All that said, the GDK API may as well take no arguments: gdk_notify_startup_complete() because it's known that it has to go to default screen on default display in any case. To make it useful for any situation other than initial app startup (say opening a new window), it needs to take a "startup ID" arg in addition to the screen. So we could just do the no-args thing for now.
I think it's perfectly fine in the unusual case of cross-screen launching (A != C) if the user sees a watch cursor and/or task list item on screen A until the app pops up on C. The window manager should have no problem realizing that a cross-screen launch occurred and not doing the animation from the launch location. I also came to the idea that the GDK function probably should be a global function ... startup notification is "per application" and there is no reason to assume a one-to-one correspondence between applications and screens, or even displays. Just making a per-screen function doesn't give you any ability to do multiple apps. The only advantage of making it per-screen or (probably better) per-display would be to handle the weird case where the app wants the startup notification to end when it opens something on the default display, but first opens a window on some other display that the user can't see. I don't see that as worth adding extra complexity that we'd need to deal with public per-screen fnuctions if we decide to later add some real facility for multiple startup notifications.

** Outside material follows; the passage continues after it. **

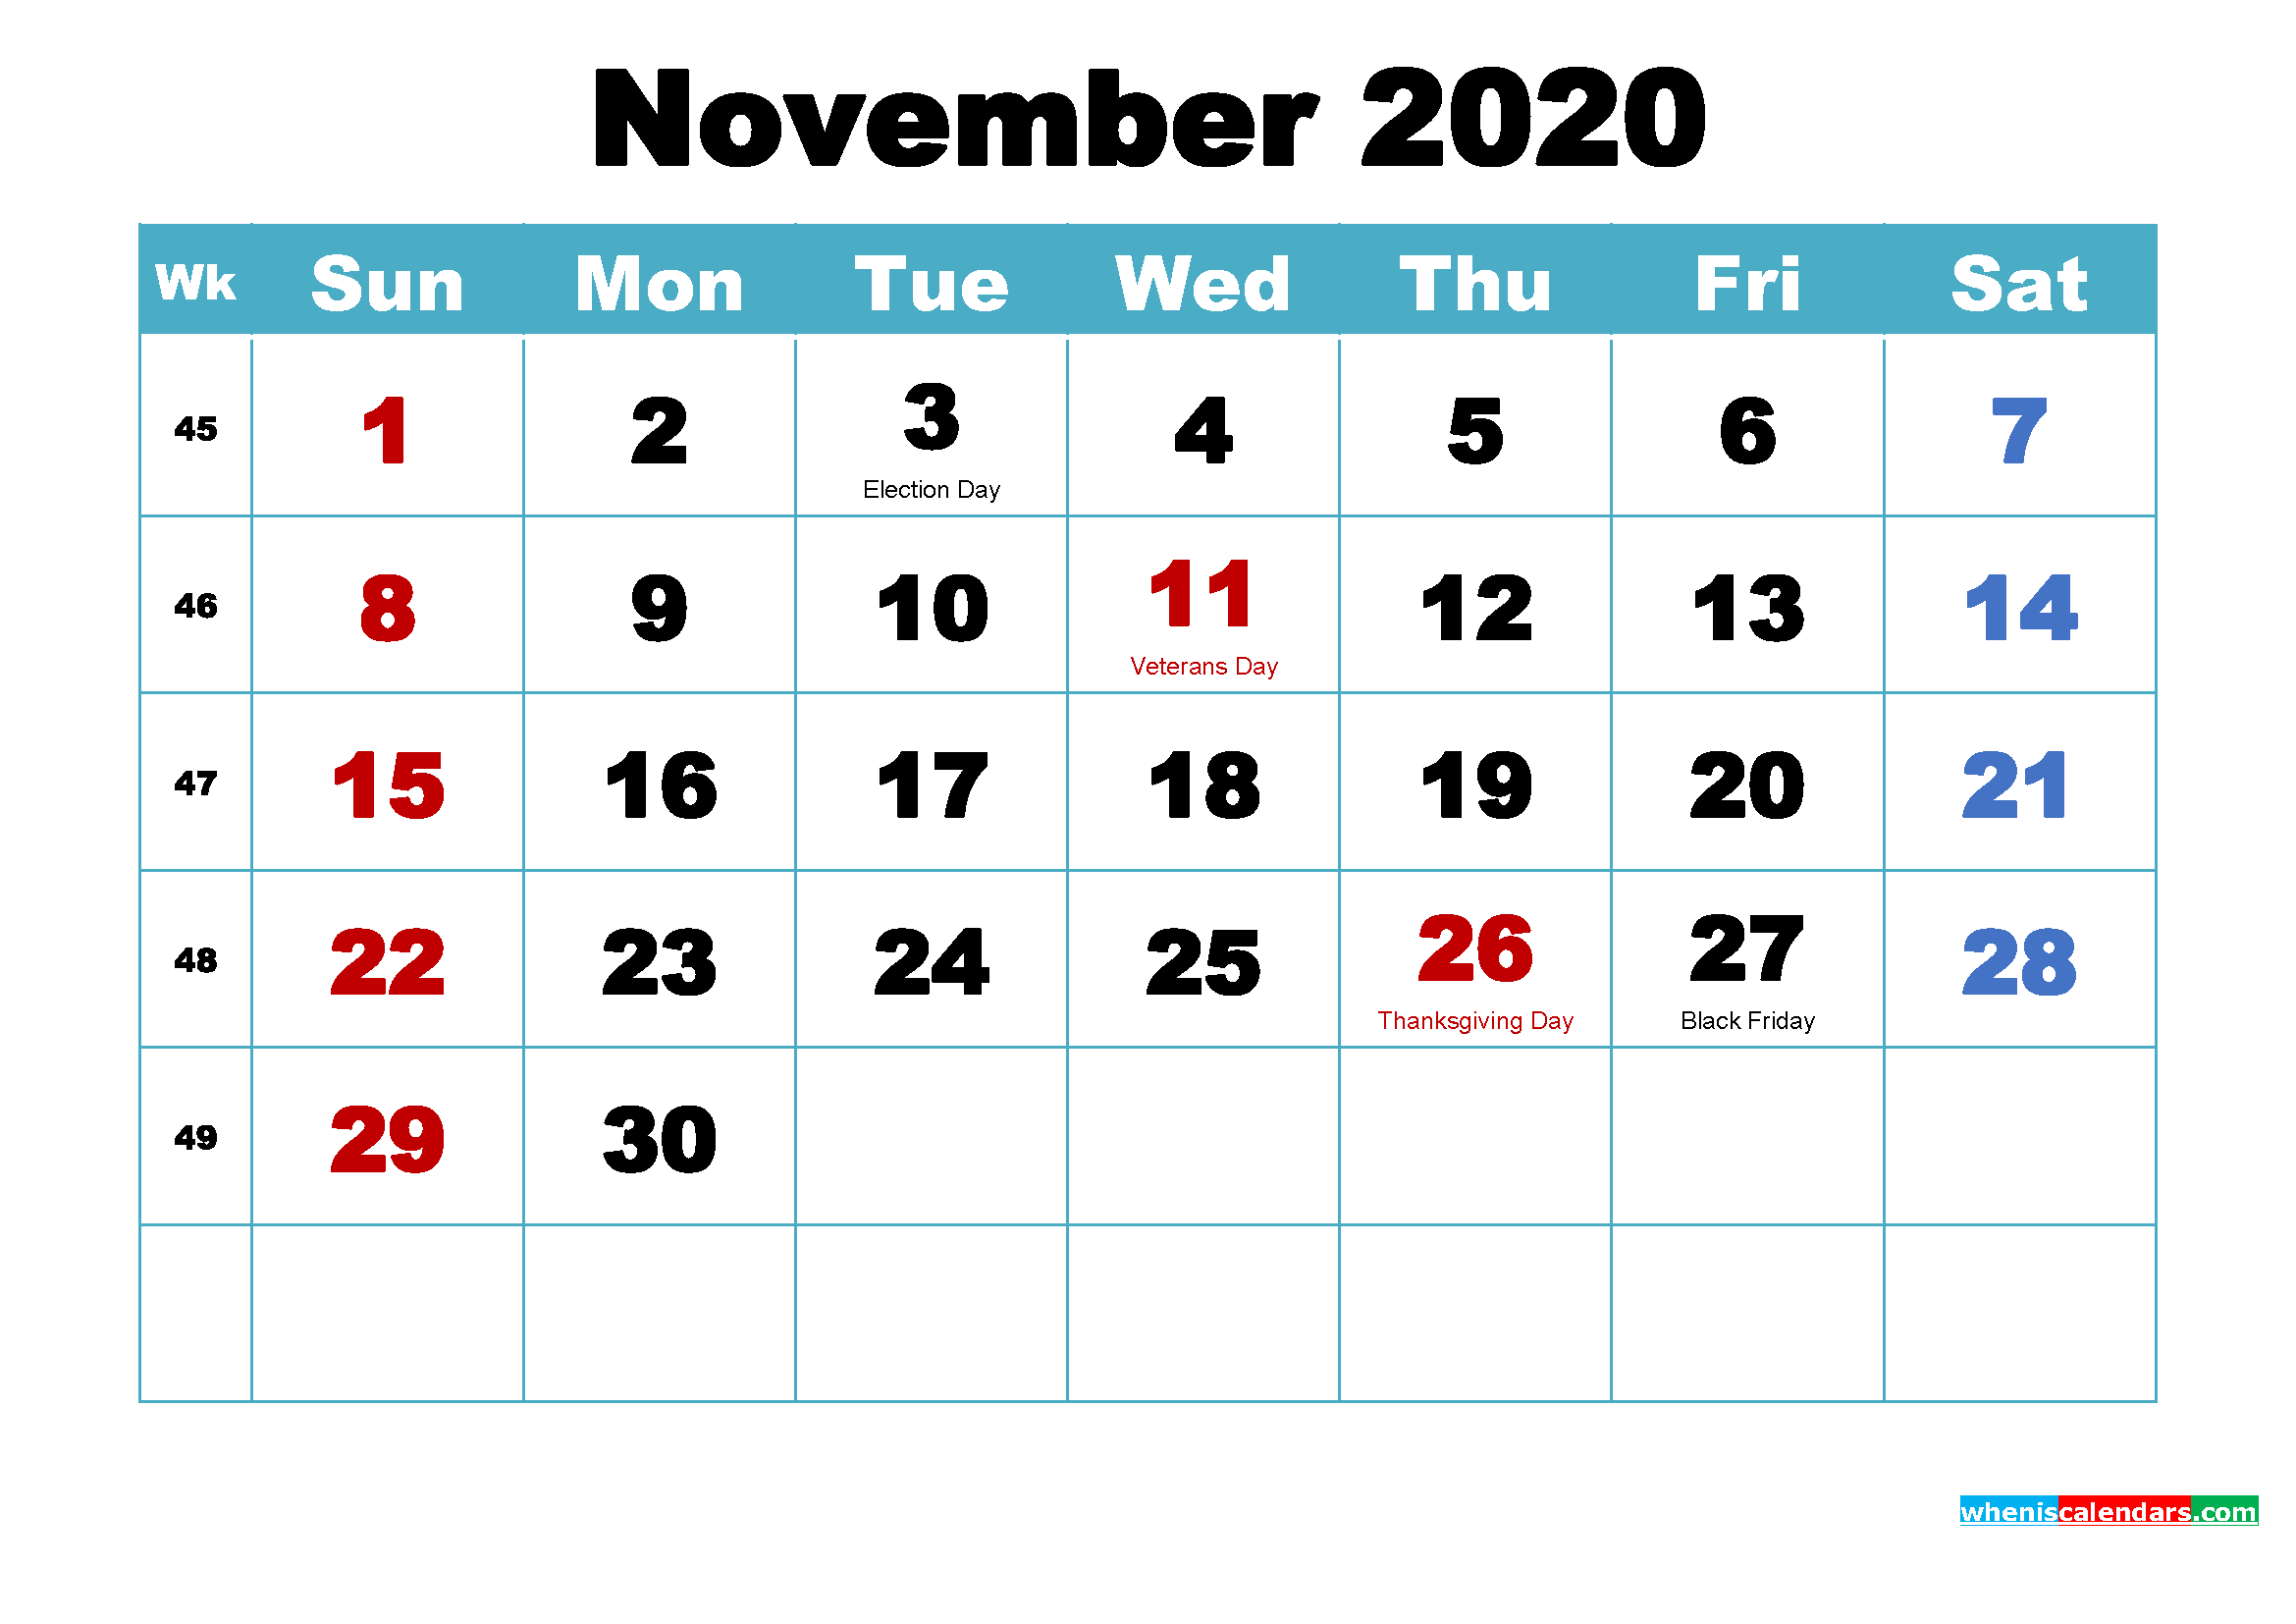 November 2020 Calendar Wallpaper Free Download

> I think it's perfectly fine in the unusual case of cross-screen > launching (A != C) if the user sees a watch cursor and/or > task list item on screen A until the app pops up on C. It's not a disaster, but it is broken. The tasklist icon should be on screen C, and the desktop the app is placed on should be the current desktop for C, not the current desktop for screen A. Anyhow, let's just do the global function, that's the right thing. We can sort this out later. I'll do a new patch on Monday.

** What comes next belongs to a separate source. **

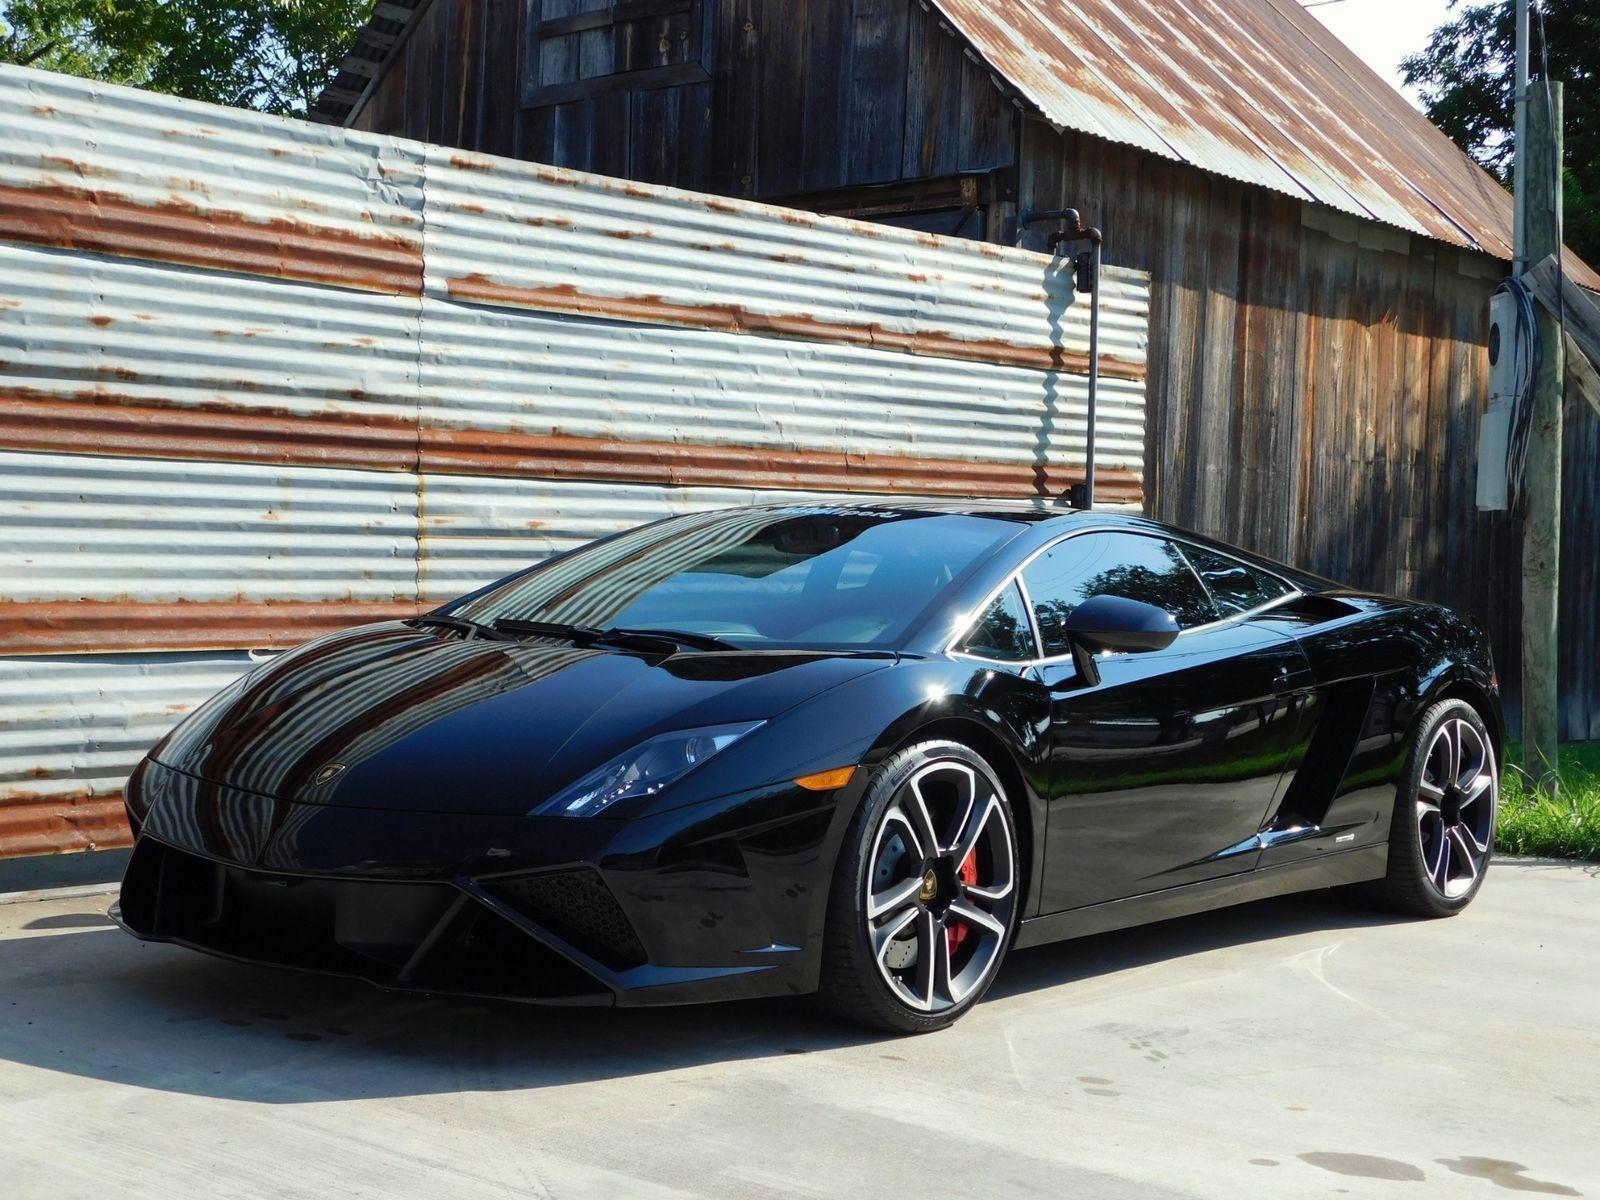 Gallardo Lp560 4 2014 Lamborghini Gallardo Bianco Canopus With 7233

I'm almost done reworking your patch for global function; I want the functionality in for 1.1.2, which is imminent.
Created attachment 11980 [details] [review] New version of patch
OK, new version of patch attached. Differences is mostly making the notification global not per-screen, and concentrating the code in gdkdisplay-x11.c. I haven't tried to handle add any magic handling of --screen; doing so would require some grotty but straightforward display name parsing code and a couple of gdk <=> gdk/x11 hooks. I'm going to go ahead and commit it, but I don't really have any means of testing (I checked that a client message is sent to the root window, and it doesn't crash.)

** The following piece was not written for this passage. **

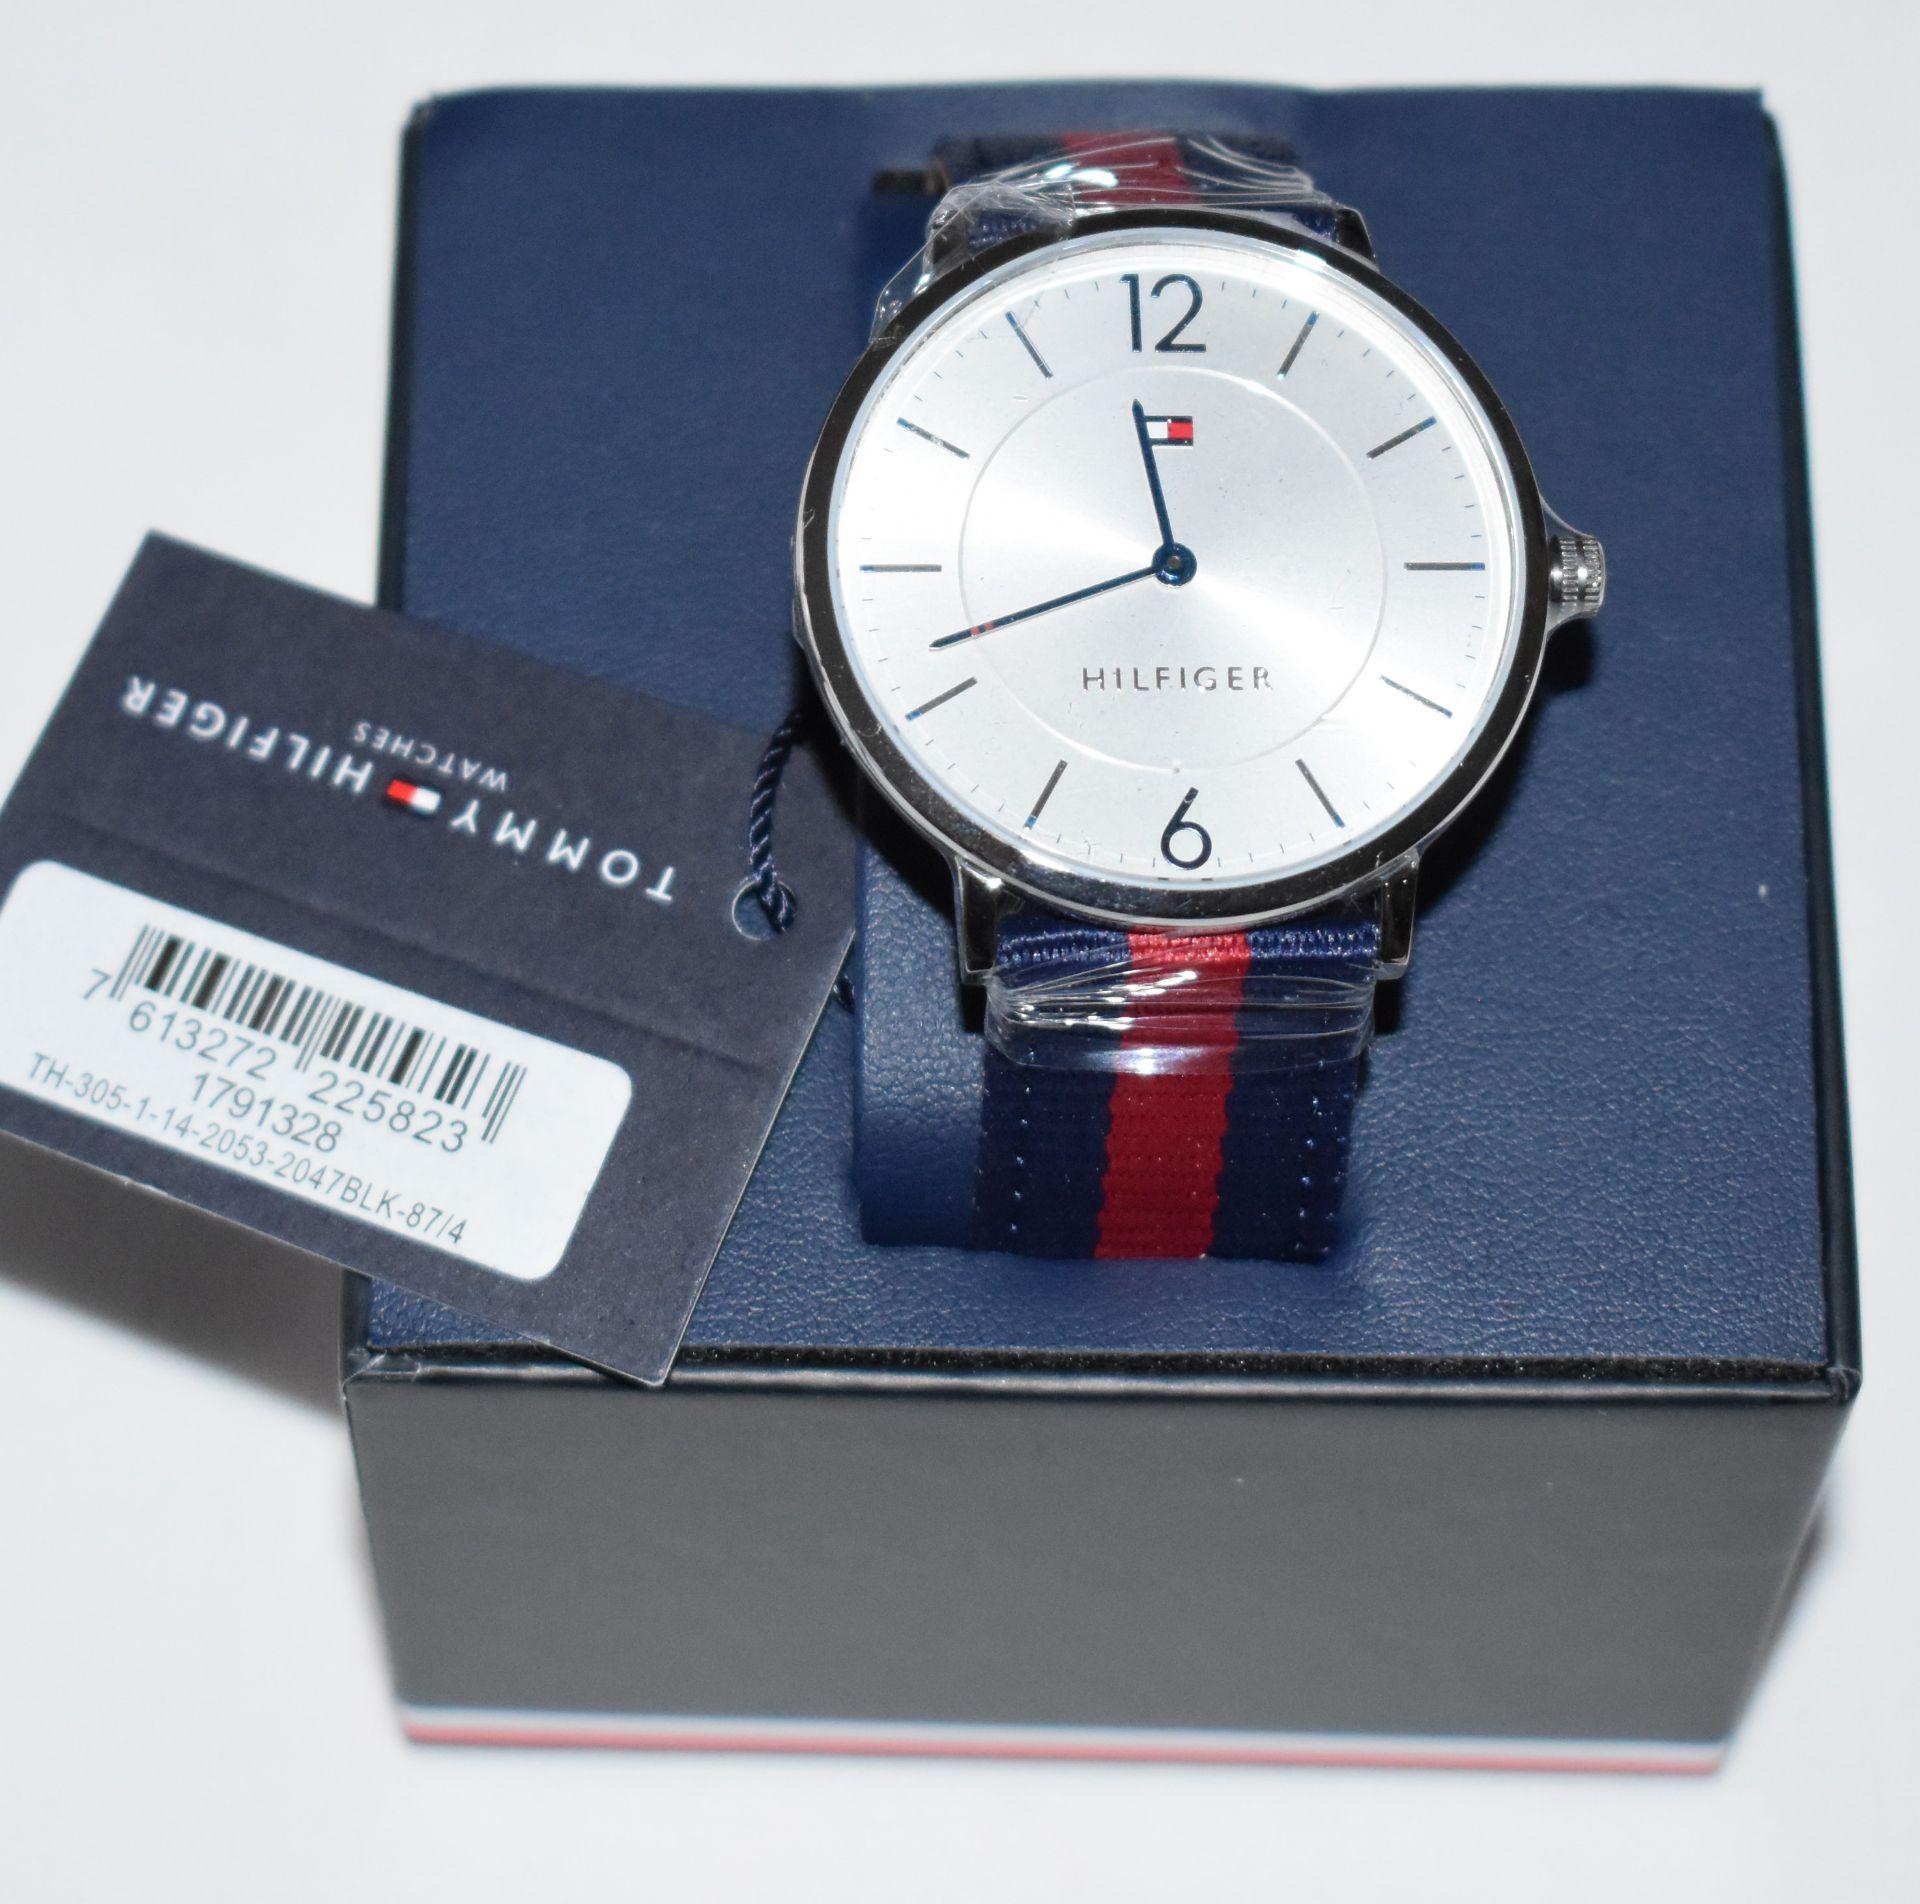 Tommy Hilfiger Men's Watch 1791328 - Image 2 of 2

Sat Nov 2 00:22:33 2002 Owen Taylor <otaylor@redhat.com> Add startup notification hooks - mostly based on patch by Havoc Pennington in #96772. * gdk/gdk.h gdk/x11/gdkdisplay-x11.c gdk/{win32,linux-fb}/gdkmain-*.c: (gdk_notify_startup_complete): new function that indicates an application has finished starting up. * gdk/x11/gdkmain-x11.c gdk/x11/gdkdisplay-x11.c (_gdk_windowing_set_default_display): store value of DESKTOP_STARTUP_ID on the default screen, and clear it from the environment. * gdk/x11/gdkdisplay-x11.c: Set _NET_STARTUP_ID hint on display's group leader window. * gtk/gtkwindow.c (gtk_window_set_auto_startup_notification): function to toggle whether we automatically broadcast that we've started up, after mapping the first toplevel window. (gtk_window_map): call gdk_screen_notify_startup_complete() by default, unless enabled by above.
OK, Havoc promises to put language in the spec that either: - Makes it clear that GTK+'s current handling of --screen and startup notification is correct Or: - Forbids passing --screen when using startup notification Given that, I think this can be closed now.